Michael Larsen : Well, I think we’re not a backlog-driven company. As you know, we don’t carry a lot of backlog. And as you also say, it’s hard to parse out what was backlog versus new orders. So I’m not sure I can give you a great answer. What I can tell you is that, typically, our sales per day go up by 2%. If you go back and look in time, and they went up by 4%. And so things are definitely not slowing. And we’ve got some great momentum going into Q1 and 2023.
Joe O’Dea: Great. I appreciate the color.
Operator: Your next question comes from the line of Julian Mitchell of Barclays. Your line is open.
Julian Mitchell : Good morning and thanks for squeezing me in. Maybe I just wanted to circle back to the organic sales growth guide and totally understand you don’t take an elaborate macro gyration within that, and that’s a very sensible approach. But you’ve got the 4% growth guide for the year as a whole organically at the midpoint. You just did low double digit the most recent quarter. So just want to understand how we think about that sort of step down. Is it a steady deceleration as we go through the year? Anything in particular we should bear in mind on one or two-year stacks? Any color at all really that you could give on and how we think about the plus four moving through 2023?
Michael Larsen : It’s all in the comparisons year-over-year, Julian. So like I said, we expect the year to play out from a revenue standpoint, in line with our typical cadence. And so Q1 starts out a little bit lower and then we kind of improve from there. But there’s nothing baked in, in terms of a big acceleration in the back half or deceleration in the back half. We’ve kind of done our best here to model current levels of demand risk adjusted for the areas where we’re seeing some slowing in demand and we come up with 3% to 5%. I think if you run the math, you’ll see kind of the first half is the growth rates are maybe towards the higher end of that 3% to 5% and the second half is towards the lower end, and that’s all driven by the comps on a year-over-year basis.
Julian Mitchell : That’s very clear. Thank you. And then within Construction products, I don’t think we built with that one yet. Apologies if you have to repeat anything. But that’s sort of down for guide for the year. There’s a bit of price in there, some maybe volumes are down high single digit or something. But maybe just help us understand what’s embedded within that? I think simplistically, you have 1/3 is resi new build, 1/3 is resi replacement, 1/3 is commercial. Those three big pieces, how are you sort of thinking about those this year?

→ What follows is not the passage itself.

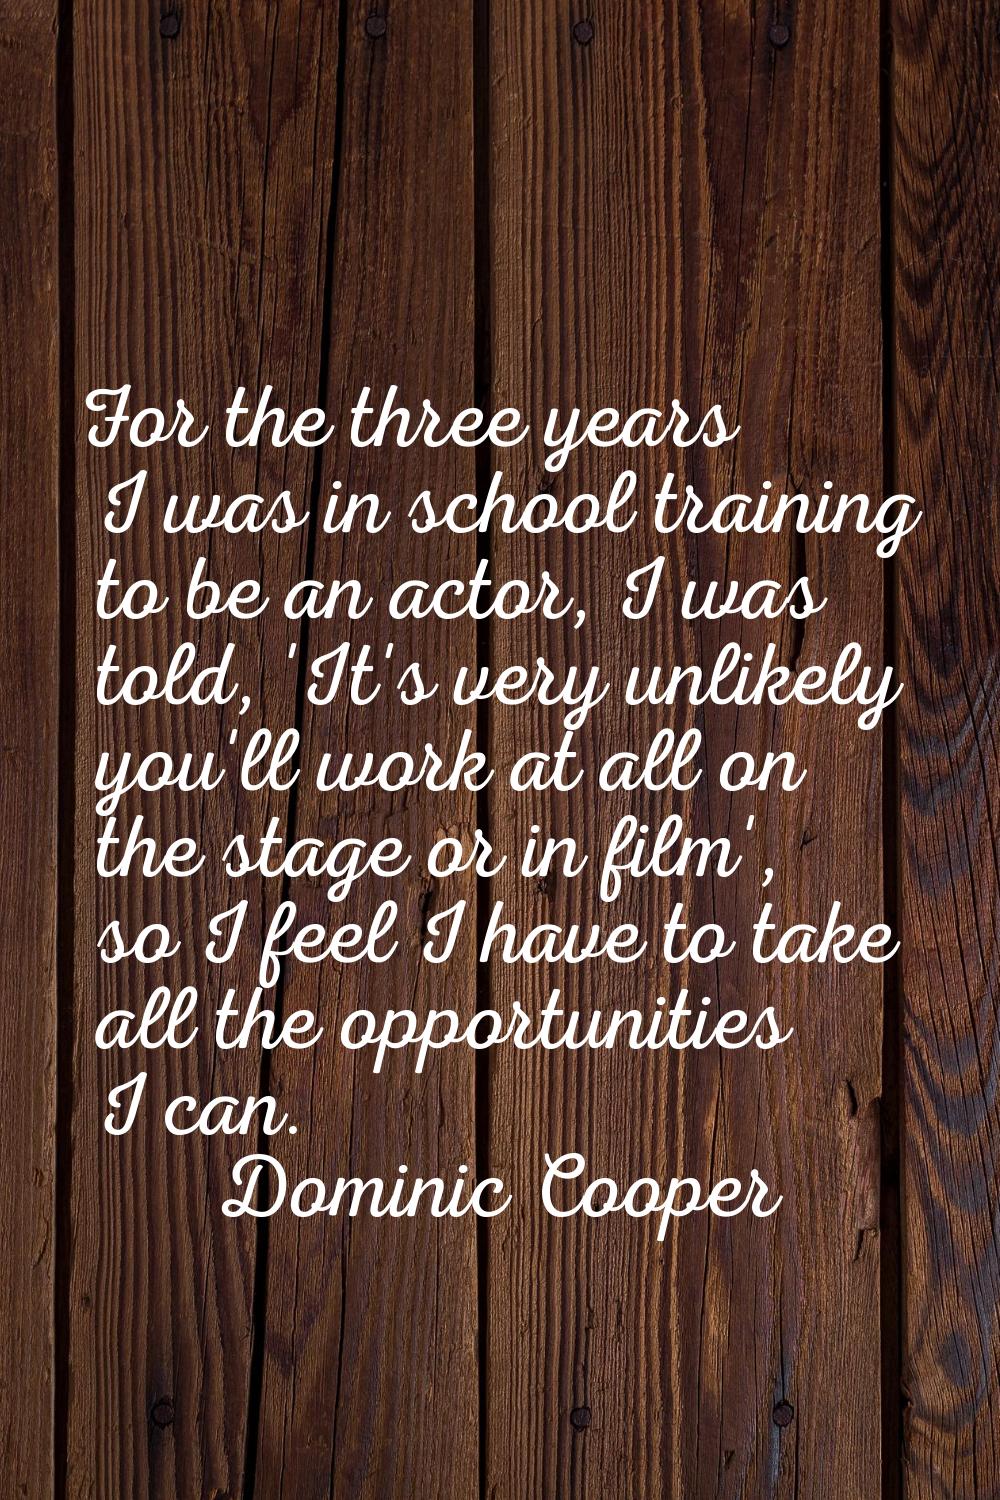 For the three years I was in school training to be an actor, I was told, 'It's very unlikely you'll

Michael Larsen : I mean the big driver, Julian, is the housing market, new housing. And so the residential side is about 80% of our business here in North America, and that’s where we’re seeing some slowing, which we’ve talked about since the summer, I think. So there’s nothing new here. And that’s the big driver here.

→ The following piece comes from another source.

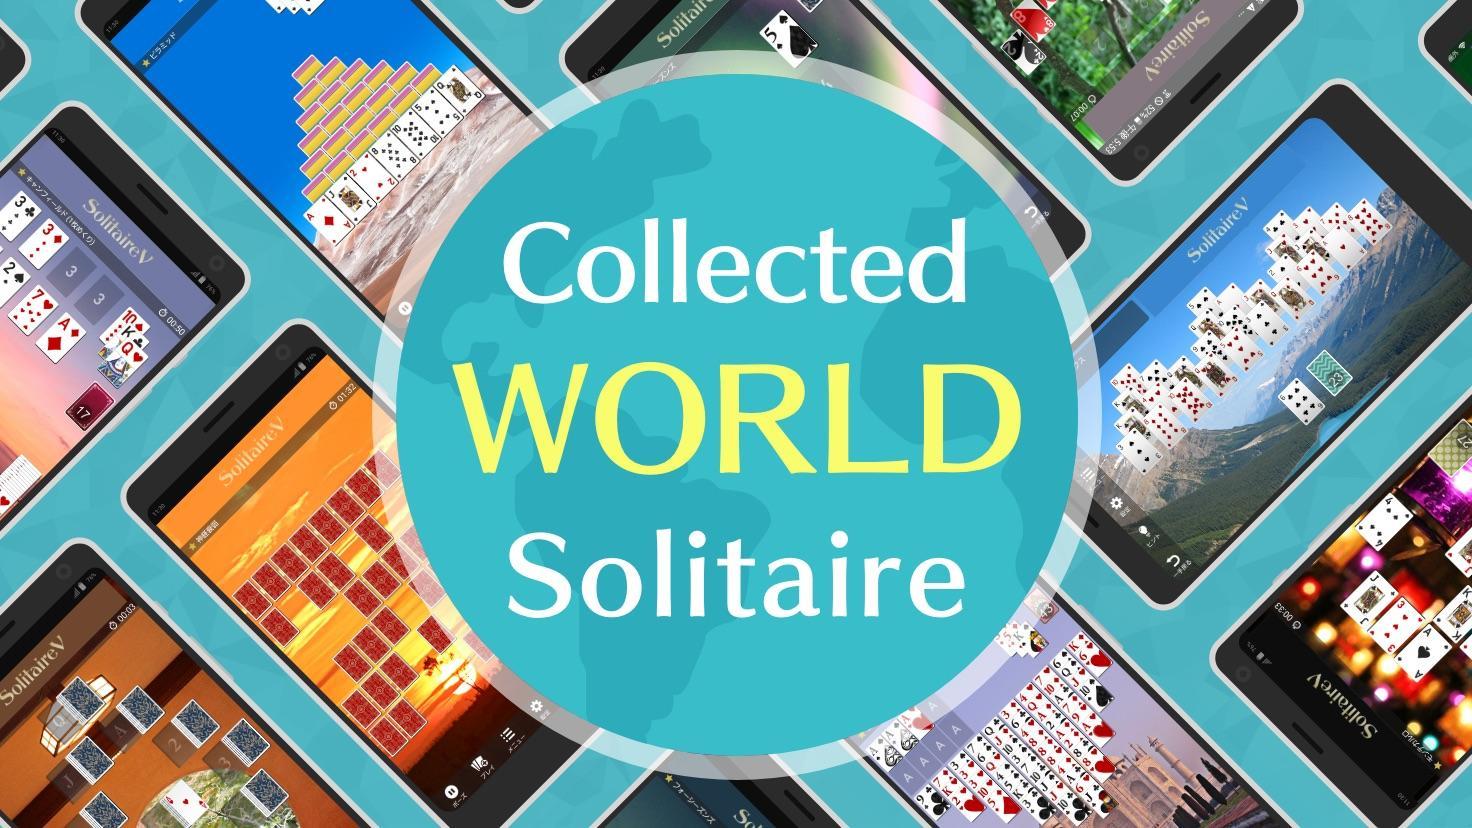 Solitaire Victory - 2020 Solitaire Collection 100 8.3.2 Screenshot 3

Scott Santi : The commercial side is hanging in there. As I said, it was also our strongest business in the summer after the pandemic.

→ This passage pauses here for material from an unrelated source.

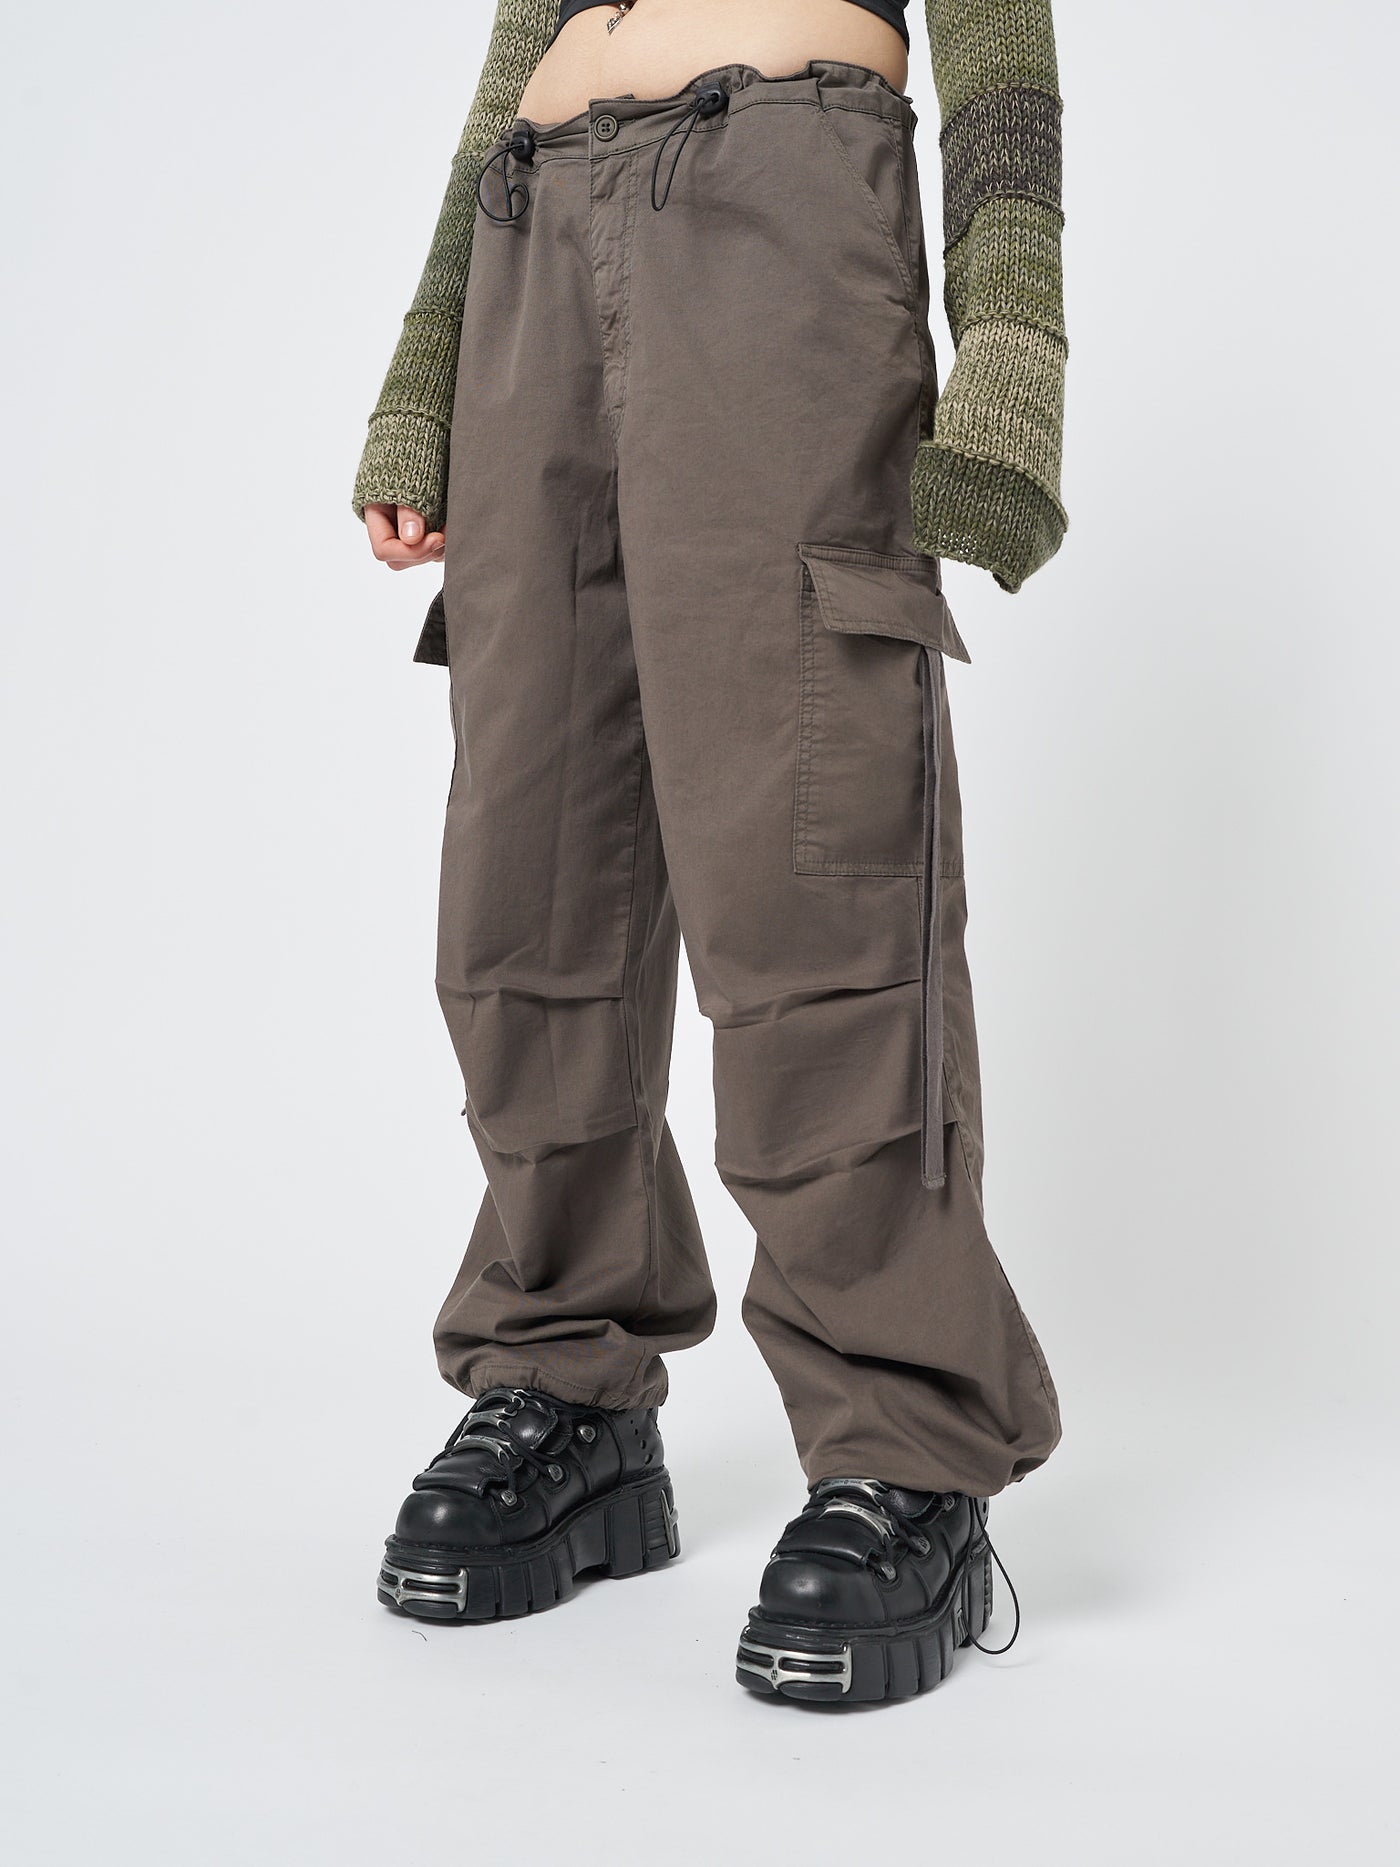 Stylish and functional cargo pants in a versatile brown color, perfect for a tech-inspired look.

Michael Larsen : Right. I mean…
Scott Santi : Part of the advantage of the different end market exposures that we have. And we can — we’re always going to have some in the tailwind mode and some in the headwind mode, but the net mix of it all is pretty positive. So…
Michael Larsen : Yes. It’s going to be down a little this year, but it’s also been a business that’s really performed well for us when other parts of the macro have been challenged. So…
Julian Mitchell: That makes sense. Thank you.
Operator: Thank you for participating in today’s conference call. All lines may disconnect at this time.